Step 5: Insert Calibrated Probes and Record Readings

Insert factory-calibrated or recently field-calibrated RH/temperature probes into the sleeves. Allow the probe to equilibrate within the sleeve for the time specified by the manufacturer (typically 1–10 minutes depending on probe type). Record: probe ID, calibration date, hole depth, slab thickness, RH%, temperature (°F), ambient RH, ambient temperature, and time of reading. Photograph each probe location with the reading displayed.

Step 6: Probe Calibration Verification

F2170 requires that probes be calibrated within 30 days of use using a NIST-traceable reference standard. Calibration records must accompany test reports. Field calibration check using a saturated salt solution (75.3% RH at 77°F for NaCl) is recommended at the start of each test day. Probes reading outside ±2% of the reference standard should be recalibrated or removed from service.

ASTM F1869 Calcium Chloride Test: Step-by-Step Procedure

Step 1: Surface Preparation

The concrete surface under each test dome must be clean and free of sealers, coatings, adhesive residue, and surface laitance. Lightly sweep and vacuum. Do not use water to clean — this introduces moisture and invalidates the test. Test areas must be at least 18 inches from walls, columns, or other surface features that affect surface evaporation.

Step 2: Condition the Test Area

Tape a plastic sheet over each test area for a minimum of 24 hours before test placement. This pre-conditions the surface to test-environment conditions and prevents initial moisture loss from open surface exposure affecting the test reading.

Step 3: Weigh Calcium Chloride Dishes and Place Domes

Record the pre-test weight of each sealed calcium chloride dish to 0.1 gram precision. Open the dish, place it on the conditioned surface, and immediately seal the dome over it. Record placement time. Do not disturb the dome during the test period.

Step 4: Test Period

Test period is 60–72 hours. During this time, maintain stable HVAC conditions at 65–75°F and 40–60% RH. Do not operate exhaust fans, open windows, or perform water-based operations in the test area. Record ambient temperature and RH at start and end of test period.

Step 5: Retrieve, Weigh, and Calculate

Remove the dome and immediately reseal the calcium chloride dish. Weigh within 10 minutes of removal. Calculate: MVER (lbs/1000 sf/24hr) = (weight gain in grams × 0.01) / test period in days. Record against the flooring manufacturer’s maximum MVER limit for the specified product.
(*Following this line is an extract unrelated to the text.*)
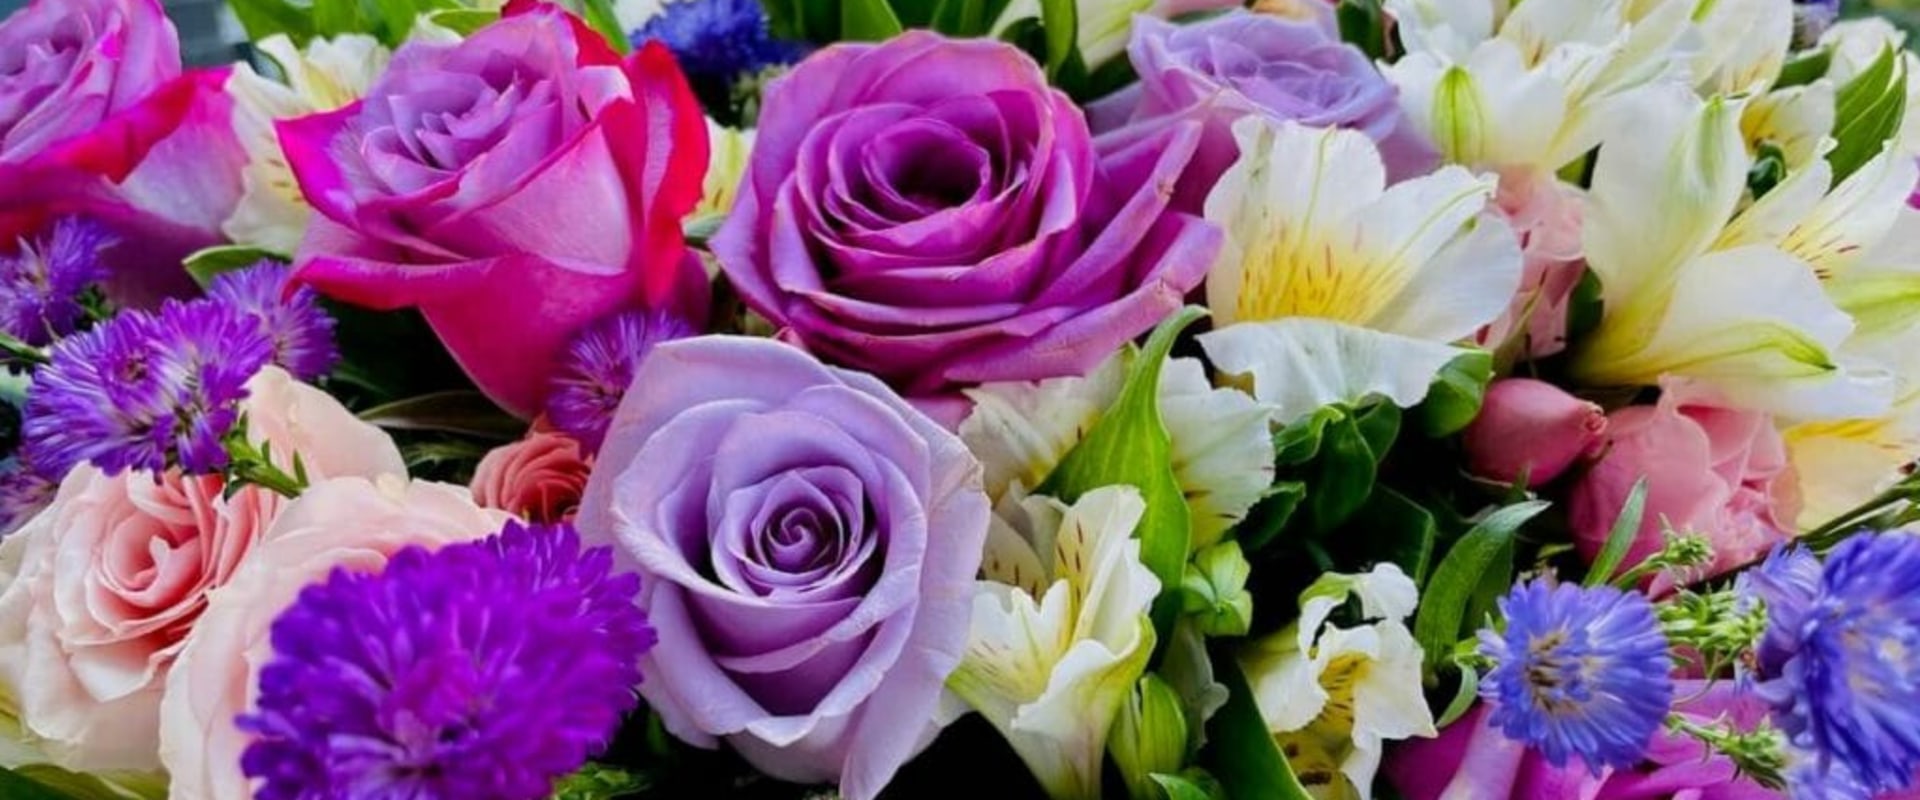 The 10 Best Florists in Oklahoma City

Documentation: What the Test Report Must Include

A compliant concrete moisture test report for commercial flooring warranty purposes must include:

• Project name, address, and floor level tested
• Test method (ASTM F2170 or F1869) and edition year
• Date and time of test placement and reading
• Slab age at time of testing
• Ambient temperature and RH during testing
• HVAC status (permanent/temporary; setpoints)
• Test location diagram with dimensions to fixed references
• Individual results by location
• Probe calibration records (F2170) or pre/post weights (F1869)
• Technician name, certification number, and signature

IFTI provides documentation packages formatted to meet the requirements of major flooring and adhesive manufacturers, and maintains test records for five years from project completion.
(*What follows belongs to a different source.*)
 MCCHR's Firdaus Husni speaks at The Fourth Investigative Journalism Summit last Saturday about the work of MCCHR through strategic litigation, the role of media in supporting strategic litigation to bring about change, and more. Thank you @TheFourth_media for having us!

Frequently Asked Questions

Can the GC’s superintendent perform moisture testing?

Technically, ASTM F2170 and F1869 do not require technician certification — only protocol compliance. However, for warranty purposes and dispute protection, testing performed by an independent certified third party is substantially more defensible than self-performed testing by a party with a schedule interest in the project proceeding. Most flooring manufacturers’ warranty language specifies “qualified independent testing.”

What if results vary significantly across the floor plate?

High variation across the floor plate is itself diagnostically significant. It typically indicates differential concrete placement (multiple pours with different ages), localized moisture sources (subslab leaks, utility penetrations), or areas of different slab thickness. High-variation situations warrant additional targeted testing before mitigation decisions are made — a mitigation system specified for the worst-case result may be over-specified for much of the floor area.